- _What is being asked_:
From first line to last, retype the data exactly.

- _Provided records_:
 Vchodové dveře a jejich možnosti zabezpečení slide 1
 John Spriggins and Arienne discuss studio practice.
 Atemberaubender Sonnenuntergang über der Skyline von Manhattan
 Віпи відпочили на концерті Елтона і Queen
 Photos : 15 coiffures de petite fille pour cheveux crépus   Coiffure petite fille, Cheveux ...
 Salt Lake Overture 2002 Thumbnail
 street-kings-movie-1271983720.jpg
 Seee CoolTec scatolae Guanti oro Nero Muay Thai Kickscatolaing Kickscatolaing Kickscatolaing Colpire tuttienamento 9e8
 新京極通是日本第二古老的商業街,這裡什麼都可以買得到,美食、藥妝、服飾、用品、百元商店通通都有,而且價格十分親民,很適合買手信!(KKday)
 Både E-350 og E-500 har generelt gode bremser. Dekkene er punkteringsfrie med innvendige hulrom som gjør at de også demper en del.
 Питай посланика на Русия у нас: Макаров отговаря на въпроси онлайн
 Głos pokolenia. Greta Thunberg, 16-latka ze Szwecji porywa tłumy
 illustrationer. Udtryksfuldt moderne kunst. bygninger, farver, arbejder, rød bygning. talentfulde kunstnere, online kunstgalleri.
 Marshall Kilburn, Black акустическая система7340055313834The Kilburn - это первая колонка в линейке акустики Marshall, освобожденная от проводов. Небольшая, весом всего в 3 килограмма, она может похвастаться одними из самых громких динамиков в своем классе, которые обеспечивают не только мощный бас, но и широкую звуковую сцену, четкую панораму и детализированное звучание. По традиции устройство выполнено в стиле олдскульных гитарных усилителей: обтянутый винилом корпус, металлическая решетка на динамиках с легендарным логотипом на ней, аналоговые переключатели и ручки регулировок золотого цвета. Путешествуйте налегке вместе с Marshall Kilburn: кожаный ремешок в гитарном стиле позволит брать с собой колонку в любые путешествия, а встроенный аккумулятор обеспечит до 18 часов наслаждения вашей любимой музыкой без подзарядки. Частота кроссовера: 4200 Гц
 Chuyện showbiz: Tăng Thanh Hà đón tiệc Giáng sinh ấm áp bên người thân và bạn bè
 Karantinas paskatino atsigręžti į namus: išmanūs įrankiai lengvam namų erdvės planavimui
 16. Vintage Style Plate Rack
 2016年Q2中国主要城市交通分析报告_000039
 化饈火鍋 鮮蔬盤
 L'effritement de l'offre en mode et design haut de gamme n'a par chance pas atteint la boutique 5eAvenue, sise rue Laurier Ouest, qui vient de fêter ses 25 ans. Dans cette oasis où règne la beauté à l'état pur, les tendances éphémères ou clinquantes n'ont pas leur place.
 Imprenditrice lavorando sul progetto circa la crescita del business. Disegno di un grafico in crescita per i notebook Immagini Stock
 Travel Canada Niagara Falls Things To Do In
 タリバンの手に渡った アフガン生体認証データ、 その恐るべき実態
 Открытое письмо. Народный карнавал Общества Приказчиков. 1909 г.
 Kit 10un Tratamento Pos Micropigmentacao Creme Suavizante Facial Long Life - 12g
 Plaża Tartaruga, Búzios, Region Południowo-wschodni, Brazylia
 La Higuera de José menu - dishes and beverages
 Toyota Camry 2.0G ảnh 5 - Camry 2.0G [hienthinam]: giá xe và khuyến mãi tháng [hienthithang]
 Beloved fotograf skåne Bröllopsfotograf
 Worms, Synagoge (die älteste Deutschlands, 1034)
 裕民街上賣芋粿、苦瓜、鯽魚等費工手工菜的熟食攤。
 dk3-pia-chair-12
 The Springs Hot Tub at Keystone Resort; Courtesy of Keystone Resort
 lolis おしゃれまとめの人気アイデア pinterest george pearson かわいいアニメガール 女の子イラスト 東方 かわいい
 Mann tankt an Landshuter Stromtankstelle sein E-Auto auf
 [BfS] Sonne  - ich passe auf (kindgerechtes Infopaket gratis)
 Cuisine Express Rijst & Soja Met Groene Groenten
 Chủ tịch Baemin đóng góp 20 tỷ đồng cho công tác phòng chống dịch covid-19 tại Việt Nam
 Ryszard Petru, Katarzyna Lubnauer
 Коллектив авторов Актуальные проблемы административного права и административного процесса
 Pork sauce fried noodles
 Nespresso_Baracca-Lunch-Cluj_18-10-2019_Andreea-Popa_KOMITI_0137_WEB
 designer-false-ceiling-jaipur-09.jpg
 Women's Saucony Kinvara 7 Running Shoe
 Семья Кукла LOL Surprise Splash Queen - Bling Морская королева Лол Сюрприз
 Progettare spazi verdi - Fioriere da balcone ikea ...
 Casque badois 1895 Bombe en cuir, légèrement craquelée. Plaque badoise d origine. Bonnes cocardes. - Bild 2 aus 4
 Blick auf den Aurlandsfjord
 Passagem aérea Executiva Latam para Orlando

- _Task output_:
 Vchodové dveře a jejich možnosti zabezpečení slide 1
 John Spriggins and Arienne discuss studio practice.
 Atemberaubender Sonnenuntergang über der Skyline von Manhattan
 Віпи відпочили на концерті Елтона і Queen
 Photos : 15 coiffures de petite fille pour cheveux crépus   Coiffure petite fille, Cheveux ...
 Salt Lake Overture 2002 Thumbnail
 street-kings-movie-1271983720.jpg
 Seee CoolTec scatolae Guanti oro Nero Muay Thai Kickscatolaing Kickscatolaing Kickscatolaing Colpire tuttienamento 9e8
 新京極通是日本第二古老的商業街,這裡什麼都可以買得到,美食、藥妝、服飾、用品、百元商店通通都有,而且價格十分親民,很適合買手信!(KKday)
 Både E-350 og E-500 har generelt gode bremser. Dekkene er punkteringsfrie med innvendige hulrom som gjør at de også demper en del.
 Питай посланика на Русия у нас: Макаров отговаря на въпроси онлайн
 Głos pokolenia. Greta Thunberg, 16-latka ze Szwecji porywa tłumy
 illustrationer. Udtryksfuldt moderne kunst. bygninger, farver, arbejder, rød bygning. talentfulde kunstnere, online kunstgalleri.
 Marshall Kilburn, Black акустическая система7340055313834The Kilburn - это первая колонка в линейке акустики Marshall, освобожденная от проводов. Небольшая, весом всего в 3 килограмма, она может похвастаться одними из самых громких динамиков в своем классе, которые обеспечивают не только мощный бас, но и широкую звуковую сцену, четкую панораму и детализированное звучание. По традиции устройство выполнено в стиле олдскульных гитарных усилителей: обтянутый винилом корпус, металлическая решетка на динамиках с легендарным логотипом на ней, аналоговые переключатели и ручки регулировок золотого цвета. Путешествуйте налегке вместе с Marshall Kilburn: кожаный ремешок в гитарном стиле позволит брать с собой колонку в любые путешествия, а встроенный аккумулятор обеспечит до 18 часов наслаждения вашей любимой музыкой без подзарядки. Частота кроссовера: 4200 Гц
 Chuyện showbiz: Tăng Thanh Hà đón tiệc Giáng sinh ấm áp bên người thân và bạn bè
 Karantinas paskatino atsigręžti į namus: išmanūs įrankiai lengvam namų erdvės planavimui
 16. Vintage Style Plate Rack
 2016年Q2中国主要城市交通分析报告_000039
 化饈火鍋 鮮蔬盤
 L'effritement de l'offre en mode et design haut de gamme n'a par chance pas atteint la boutique 5eAvenue, sise rue Laurier Ouest, qui vient de fêter ses 25 ans. Dans cette oasis où règne la beauté à l'état pur, les tendances éphémères ou clinquantes n'ont pas leur place.
 Imprenditrice lavorando sul progetto circa la crescita del business. Disegno di un grafico in crescita per i notebook Immagini Stock
 Travel Canada Niagara Falls Things To Do In
 タリバンの手に渡った アフガン生体認証データ、 その恐るべき実態
 Открытое письмо. Народный карнавал Общества Приказчиков. 1909 г.
 Kit 10un Tratamento Pos Micropigmentacao Creme Suavizante Facial Long Life - 12g
 Plaża Tartaruga, Búzios, Region Południowo-wschodni, Brazylia
 La Higuera de José menu - dishes and beverages
 Toyota Camry 2.0G ảnh 5 - Camry 2.0G [hienthinam]: giá xe và khuyến mãi tháng [hienthithang]
 Beloved fotograf skåne Bröllopsfotograf
 Worms, Synagoge (die älteste Deutschlands, 1034)
 裕民街上賣芋粿、苦瓜、鯽魚等費工手工菜的熟食攤。
 dk3-pia-chair-12
 The Springs Hot Tub at Keystone Resort; Courtesy of Keystone Resort
 lolis おしゃれまとめの人気アイデア pinterest george pearson かわいいアニメガール 女の子イラスト 東方 かわいい
 Mann tankt an Landshuter Stromtankstelle sein E-Auto auf
 [BfS] Sonne  - ich passe auf (kindgerechtes Infopaket gratis)
 Cuisine Express Rijst & Soja Met Groene Groenten
 Chủ tịch Baemin đóng góp 20 tỷ đồng cho công tác phòng chống dịch covid-19 tại Việt Nam
 Ryszard Petru, Katarzyna Lubnauer
 Коллектив авторов Актуальные проблемы административного права и административного процесса
 Pork sauce fried noodles
 Nespresso_Baracca-Lunch-Cluj_18-10-2019_Andreea-Popa_KOMITI_0137_WEB
 designer-false-ceiling-jaipur-09.jpg
 Women's Saucony Kinvara 7 Running Shoe
 Семья Кукла LOL Surprise Splash Queen - Bling Морская королева Лол Сюрприз
 Progettare spazi verdi - Fioriere da balcone ikea ...
 Casque badois 1895 Bombe en cuir, légèrement craquelée. Plaque badoise d origine. Bonnes cocardes. - Bild 2 aus 4
 Blick auf den Aurlandsfjord
 Passagem aérea Executiva Latam para Orlando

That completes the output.